» PROBLEM DESCRIPTION
Word for word, the data below must be repeated in full; no picture is to be included.

» DATA EXTRACT

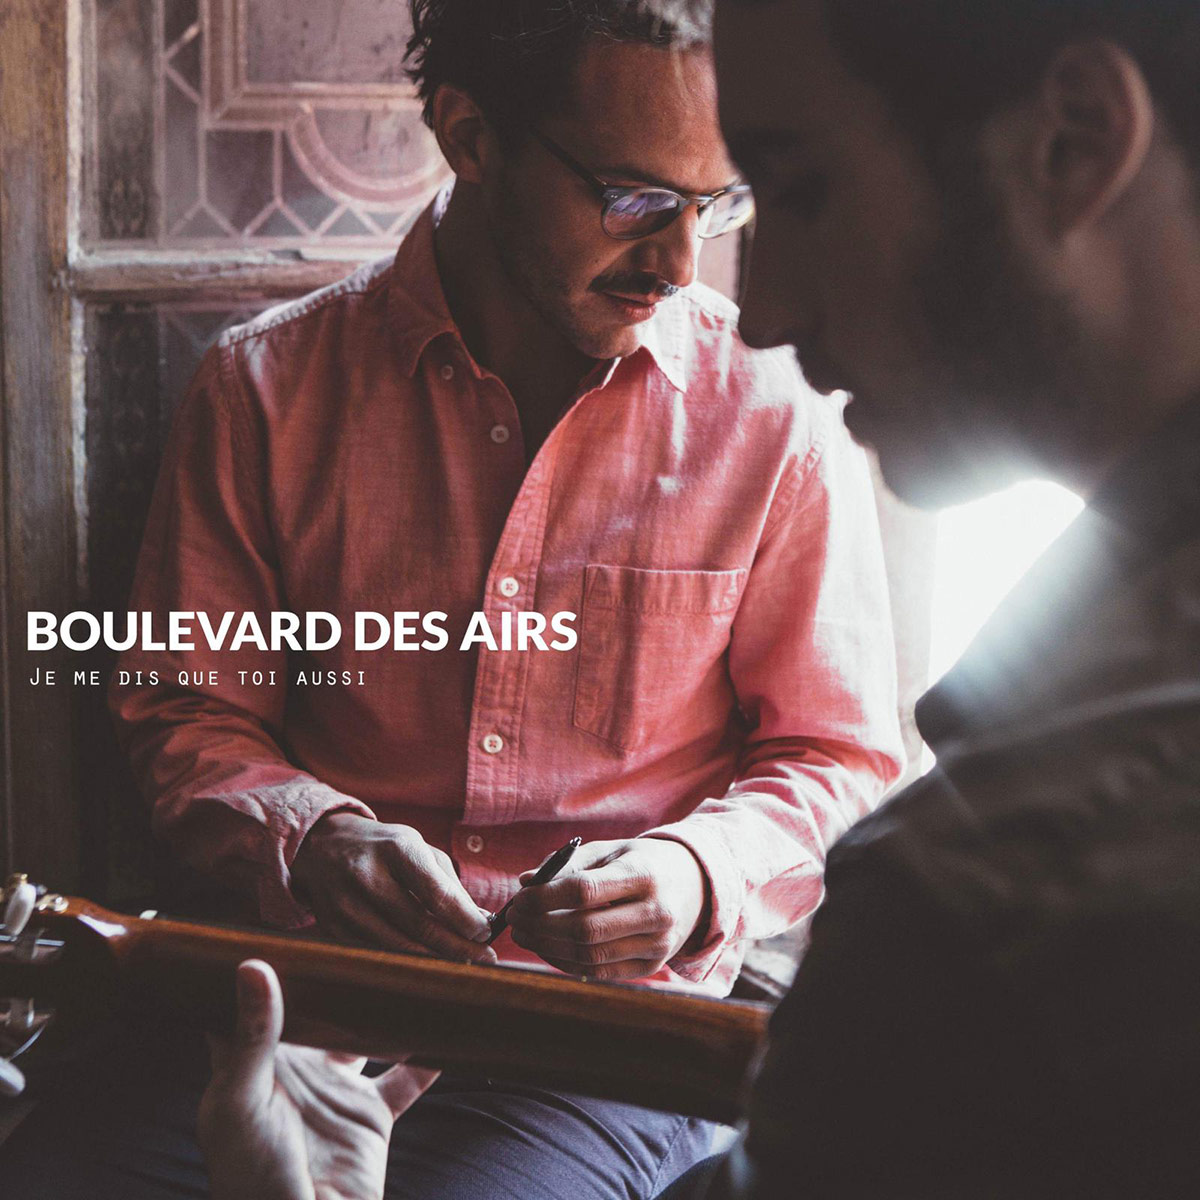 Boulevard des Airs - Sylvain Duthu et Florent Dasque © Lily Eyes Photography
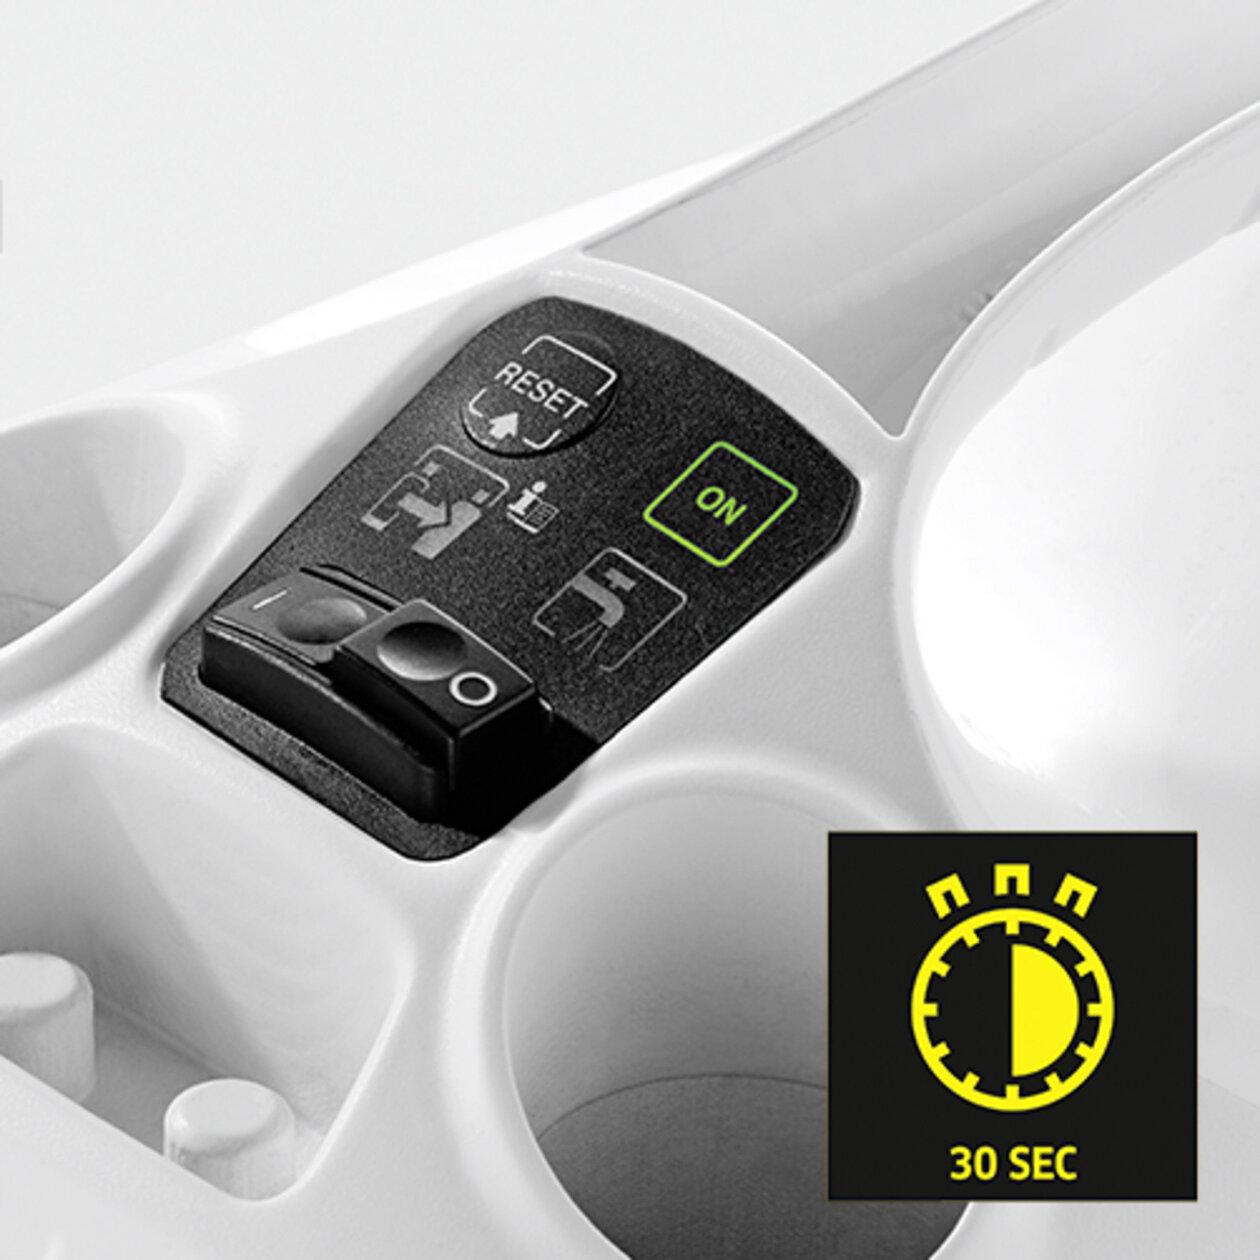 Gőztisztító SC 3 EasyFix Premium (fehér): Rövid felfűtési idő
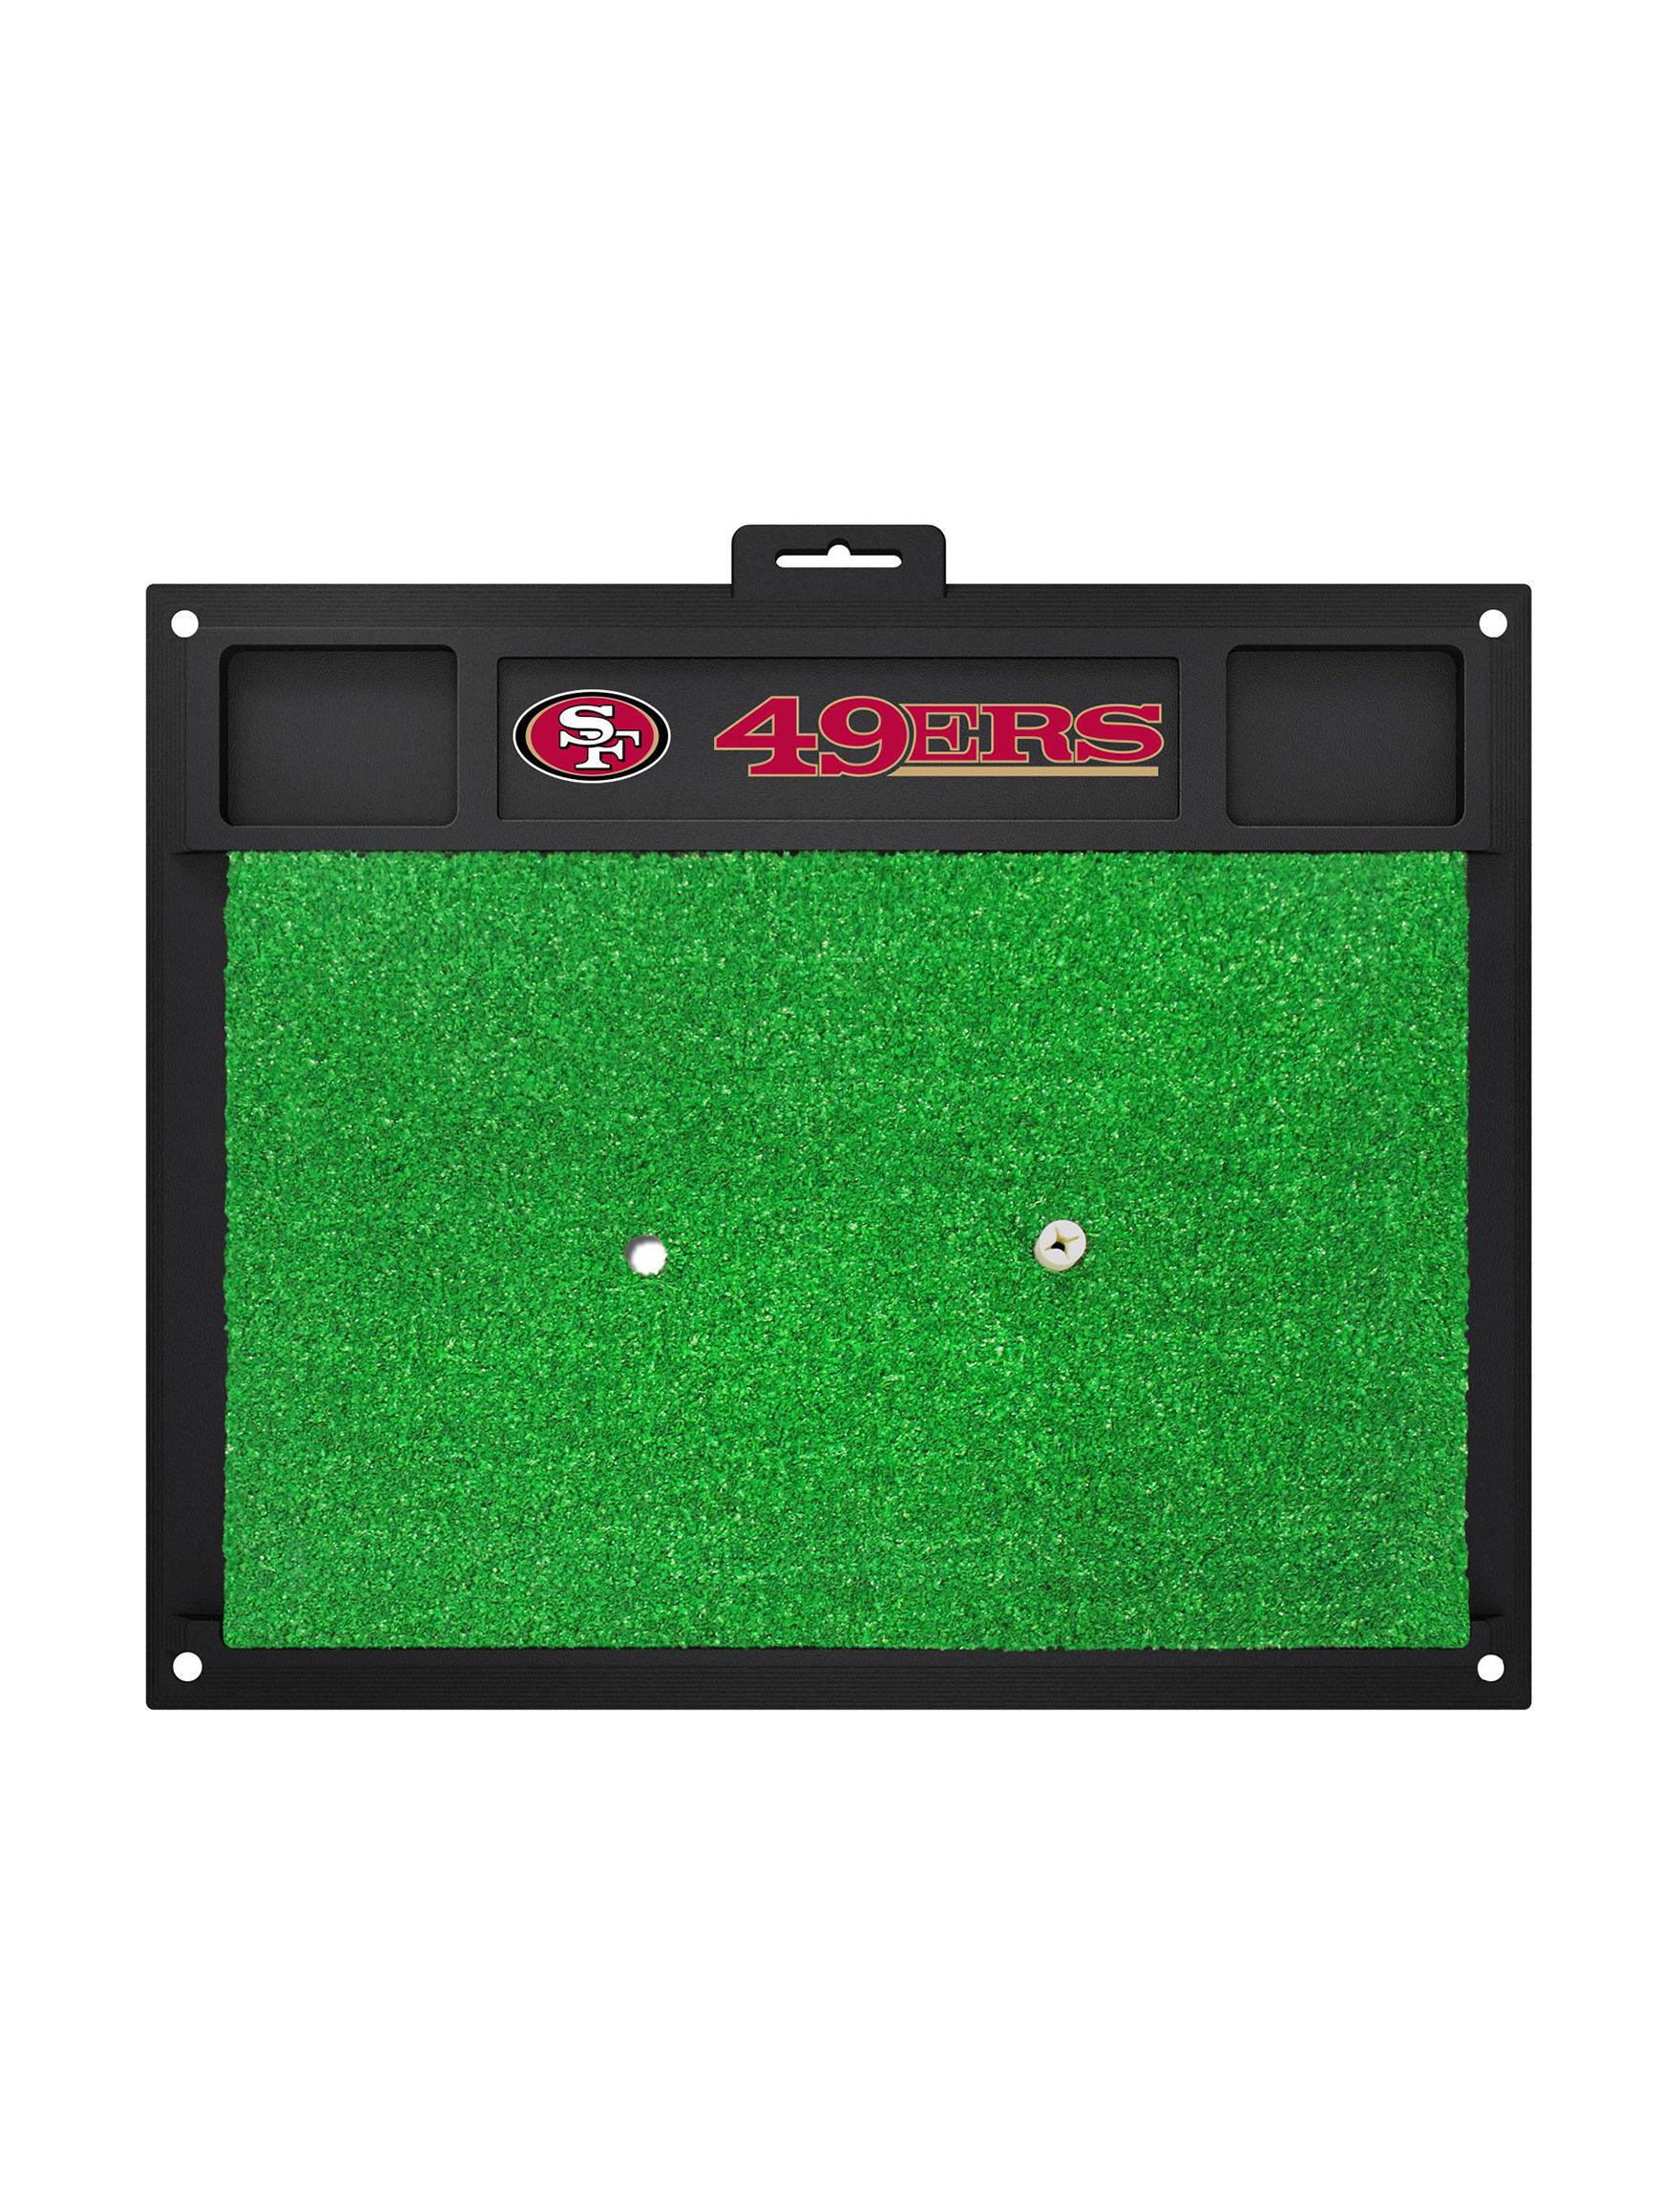 Fanmats Red / Black Outdoor Rugs & Doormats Outdoor Decor
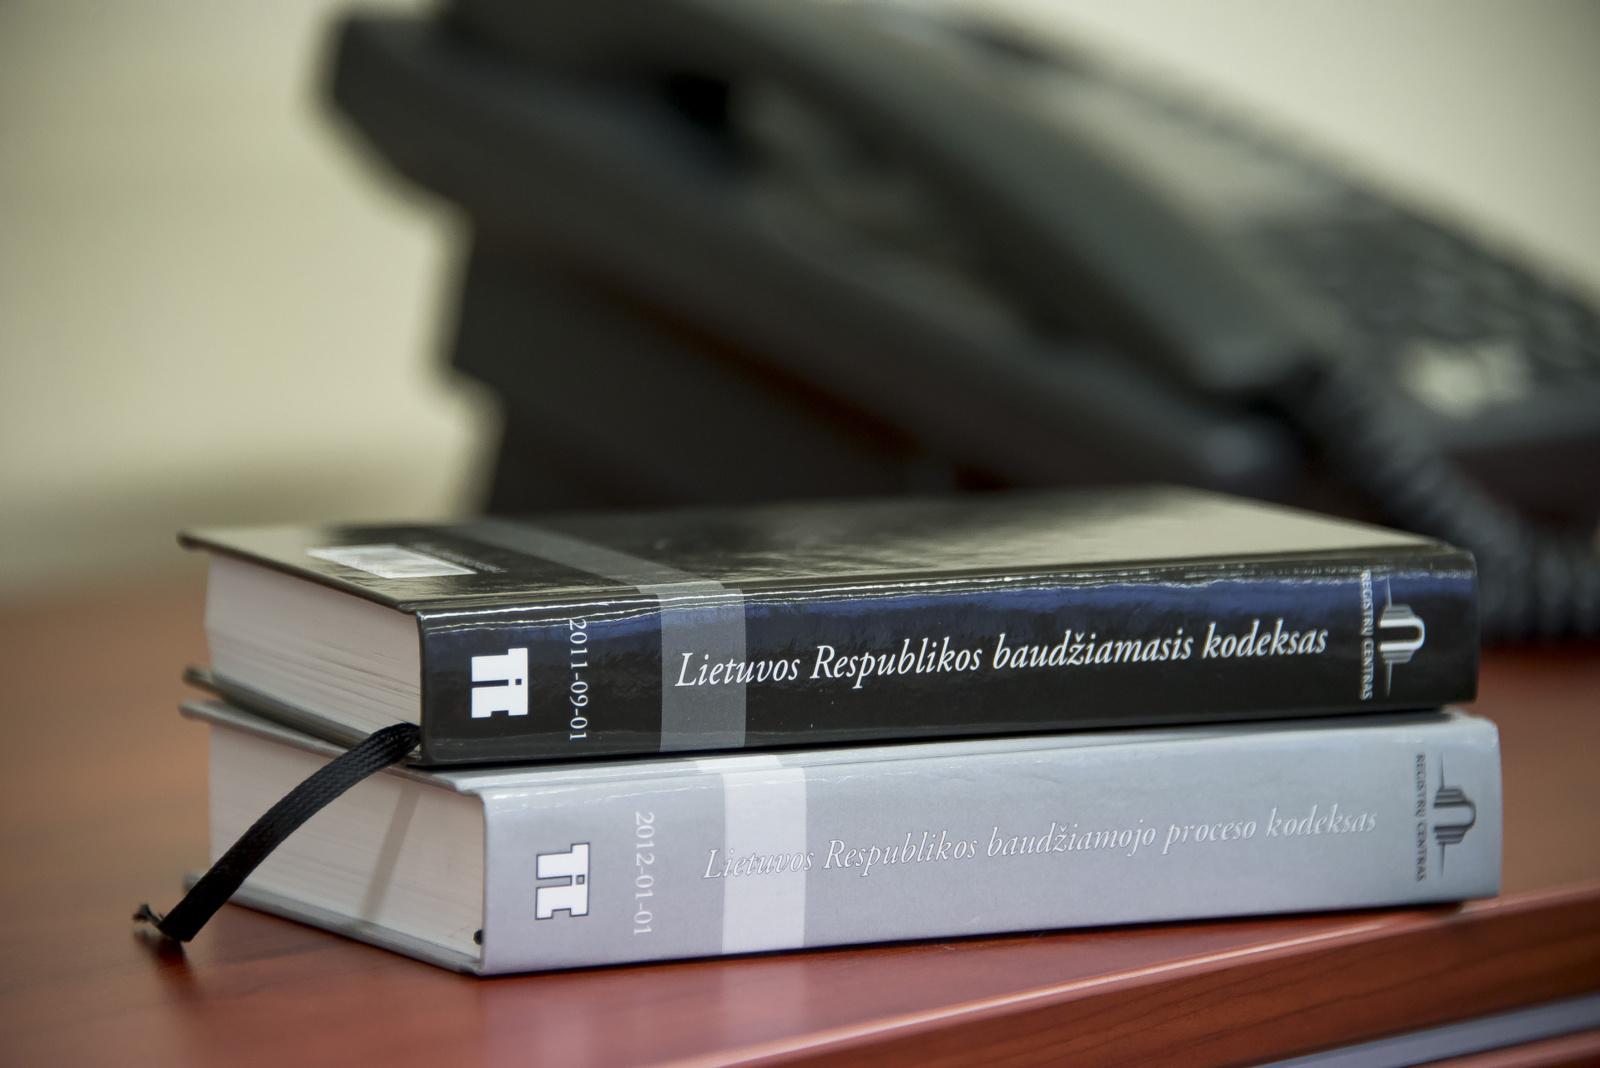 Prokuratūra pradėjo ikiteisminį tyrimą dėl išpaišytų parlamentarės I. Haase kabineto durų

» SOLUTION TO THIS TASK
 Boulevard des Airs - Sylvain Duthu et Florent Dasque © Lily Eyes Photography
 Gőztisztító SC 3 EasyFix Premium (fehér): Rövid felfűtési idő
 Fanmats Red / Black Outdoor Rugs & Doormats Outdoor Decor
 Prokuratūra pradėjo ikiteisminį tyrimą dėl išpaišytų parlamentarės I. Haase kabineto durų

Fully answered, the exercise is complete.